Bemused—how I loved to take him by surprise—he laid them in my hand, iridescent and lovely, glowing as blue as his midnight eyes.
“I’ll be angry if you lose them,” he warned, which told me this was a measure of trust from him. It might be taking me a while, but I was learning to understand his coded messages to me. I tucked them in my pocket, the bag holding the dragon’s blood bumping my fingertips. Good thing I’d shielded that puppy or Rogue would surely have sensed it.
“I’ll keep them close. And if I need you, I’ll put them on again.”
“Be sure to do that, my Gwynn. You are more vulnerable than you know.”
I should have been chilled by his words, but the sheer delight in feeling that I’d cracked part of the puzzle—and that the PTSD had released its dreadful grip—gave me a bright and cheerful confidence.
Any scientist could tell you that this was always the sign of a false breakthrough. Those promising first results just never seemed to pan out.
I put my hand up to take back the horseshoe and he gripped my wrist. “Will you let me keep it, my Gwynn?”
“If that’s what you want.”
“I can think of only three things I want more.”
* * *
Of course he wouldn’t—or couldn’t—tell me what the three things were, though I teased him about it as we walked. It turned out we were quite close to Castle Brightness. Which didn’t seem possible, given what I thought I knew about the landscape, but I was going to have to give up some of my attachment to the physical laws that had governed my previous world. A leap of faith into the absurd had to be full immersion. No picking and choosing. Accept the precepts of the new working hypothesis. Anything less was counterproductive.
Rogue led me along the banks of the stream, assuring me the others would meet up with us. Gradually what appeared to be old-growth forest gave way to younger trees, and then to the ordered apple orchard I recognized as the one I’d seen from my room at the castle when I’d stayed there.
I pointed to the round fruits that hung glowing with rosy gold allure, heavy on the branches. “What do you call these fruits?”
Rogue barely glanced at them. “They’re poisonous—don’t touch them.”
Astonished, I surveyed the rows upon rows of the trees, clearly tended, yielding a bountiful harvest. “Why grow poisonous fruit—and so much of it?”
He shrugged, uninterested. “I don’t spend my time doing it. Blackbird comes from a strange family. They’ve long dabbled in odd practices.”
“You don’t wonder at all?”
Rogue snorted, squeezing our interlaced fingers. “You have more than enough curiosity to get us both destroyed, my Gwynn. I endeavor not to add to it.”
“I thought you couldn’t die.”
“There are worse things that death.”
A sudden thought occurred to me. “Is Fafnir still alive?”
He went deadly still. Without looking at me, he spoke. “I will say this once. Don’t go there.”
Funny how my mind translated the expression he used. It carried all the unutterable implications of a curse. Doomed all ye who enter here.
Without another word, he resumed walking through the idyllic grove of deadly fruit.

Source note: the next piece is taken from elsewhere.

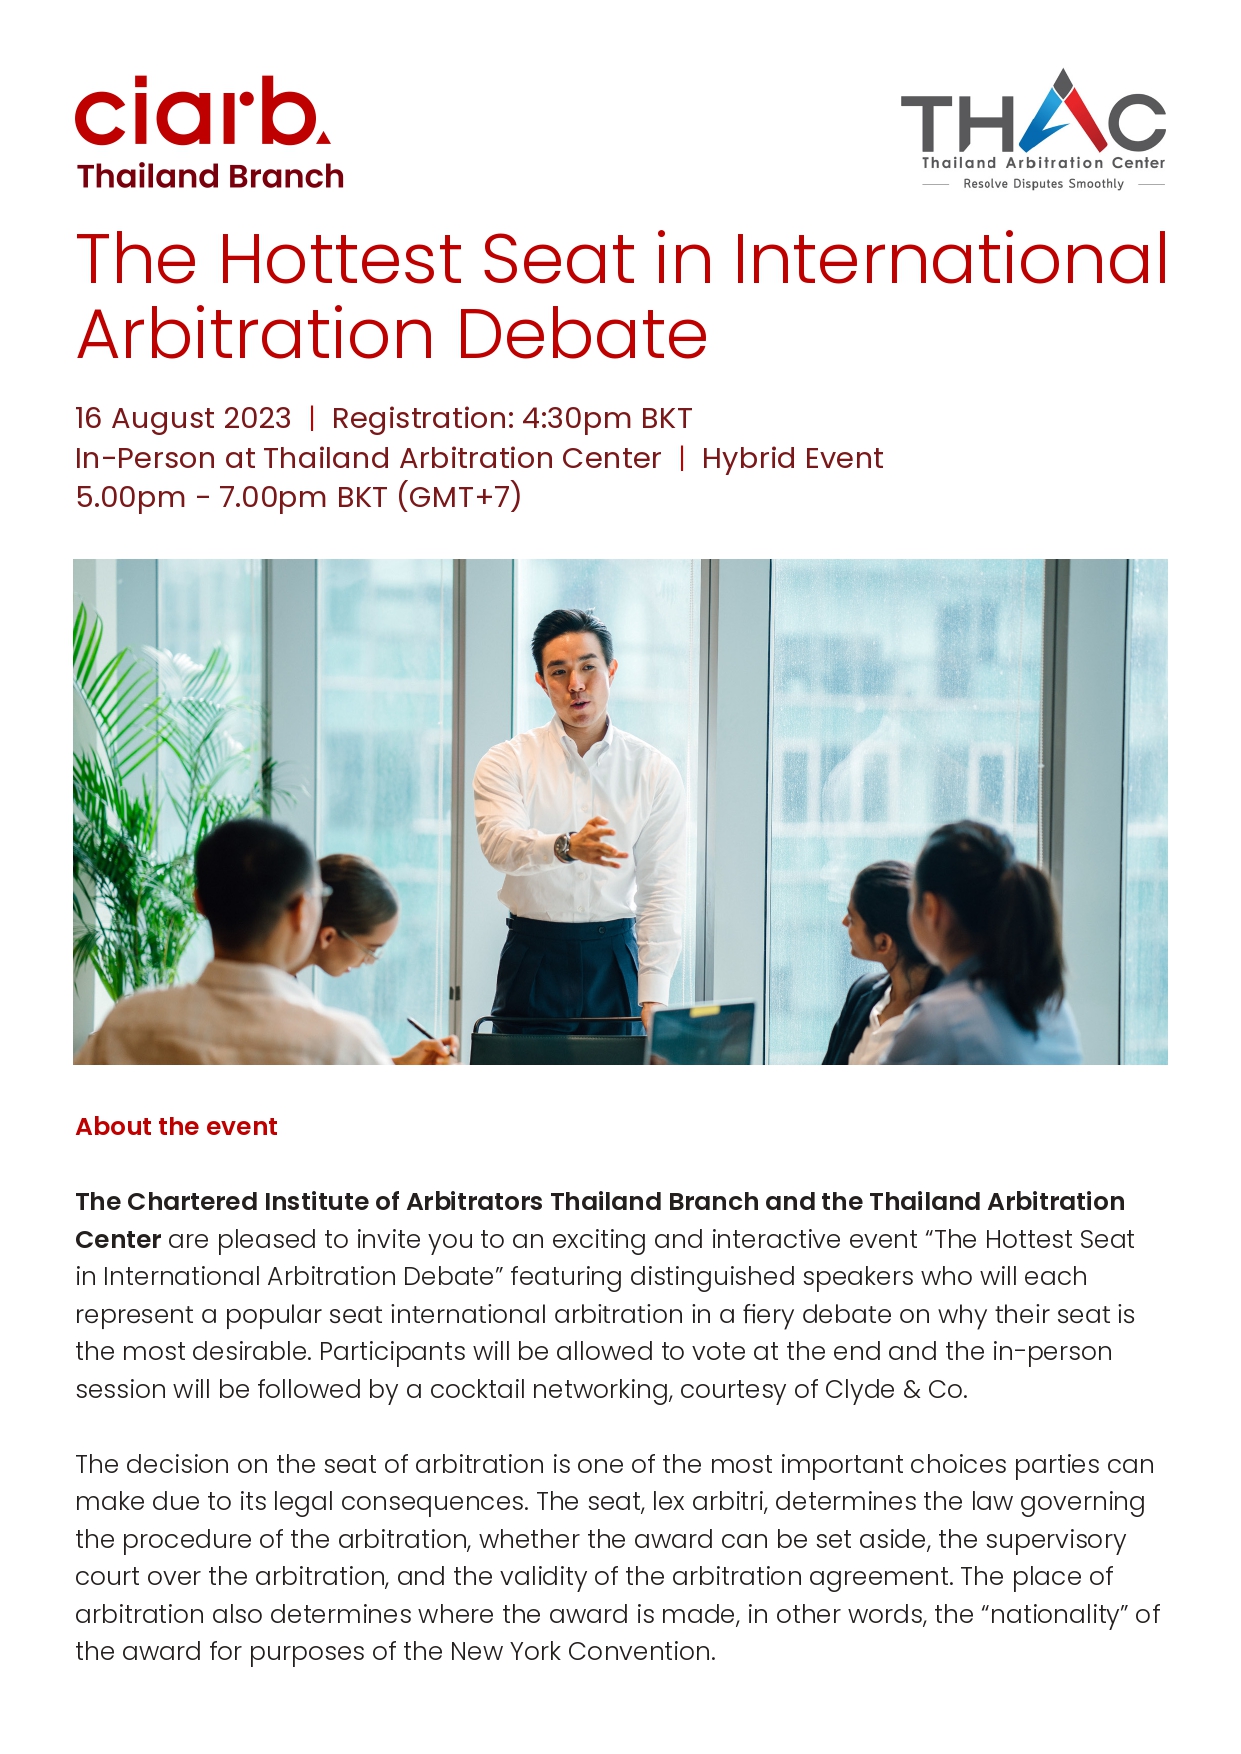 The Hottest Seat in International Arbitration Debate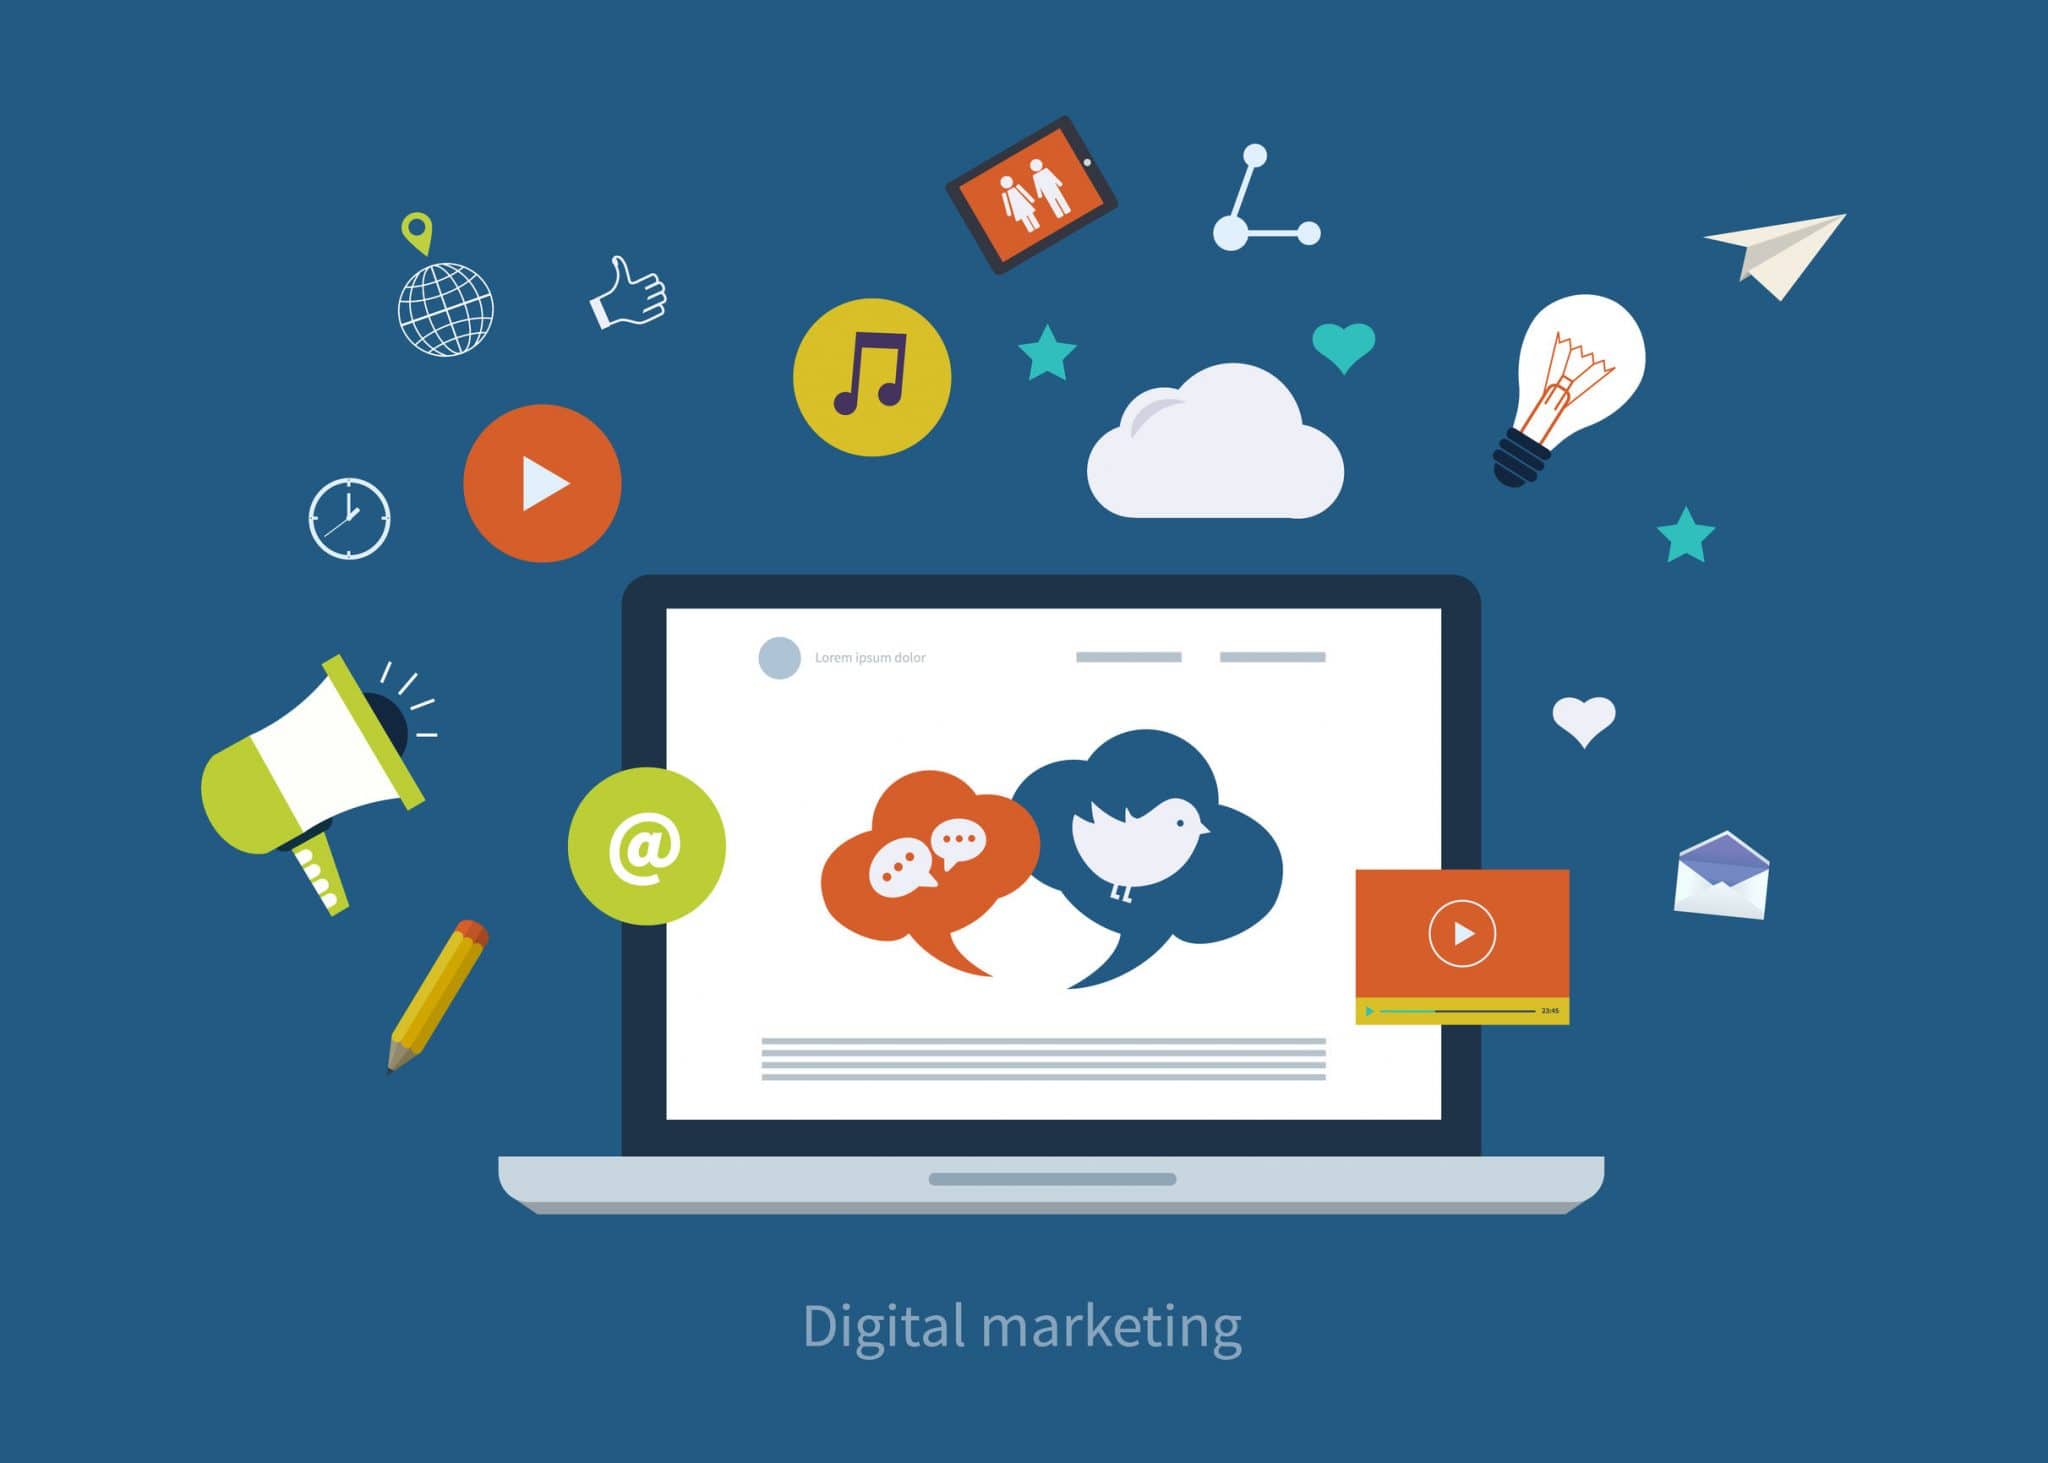 Creative Content Marketing: 4 Types of Digital Content - Business 2

We emerged from the orchard to find Castle Brightness rearing above us, in all its alabaster gilded magnificence, colorful pennants flapping gaily in the breeze. Looking up, I spotted what had been my room and a frisson passed over me. I was circling back upon myself, it seemed and a small, endlessly terrified part of myself quailed at the thought that my prison might be next.
Rogue released my hand and pushed his under my hair to grasp the base of my neck, steadying me.
I nodded in answer to his unasked question and looped my hand through his arm for our grand entrance. Blackbird, along with her staff, waited for us with grand formality. They all sank into deep obeisances that likely said more about Rogue’s status than mine. Still, I was struck by how much I’d come up in the world since my last visit. At least I looked a hell of a lot better, which was something.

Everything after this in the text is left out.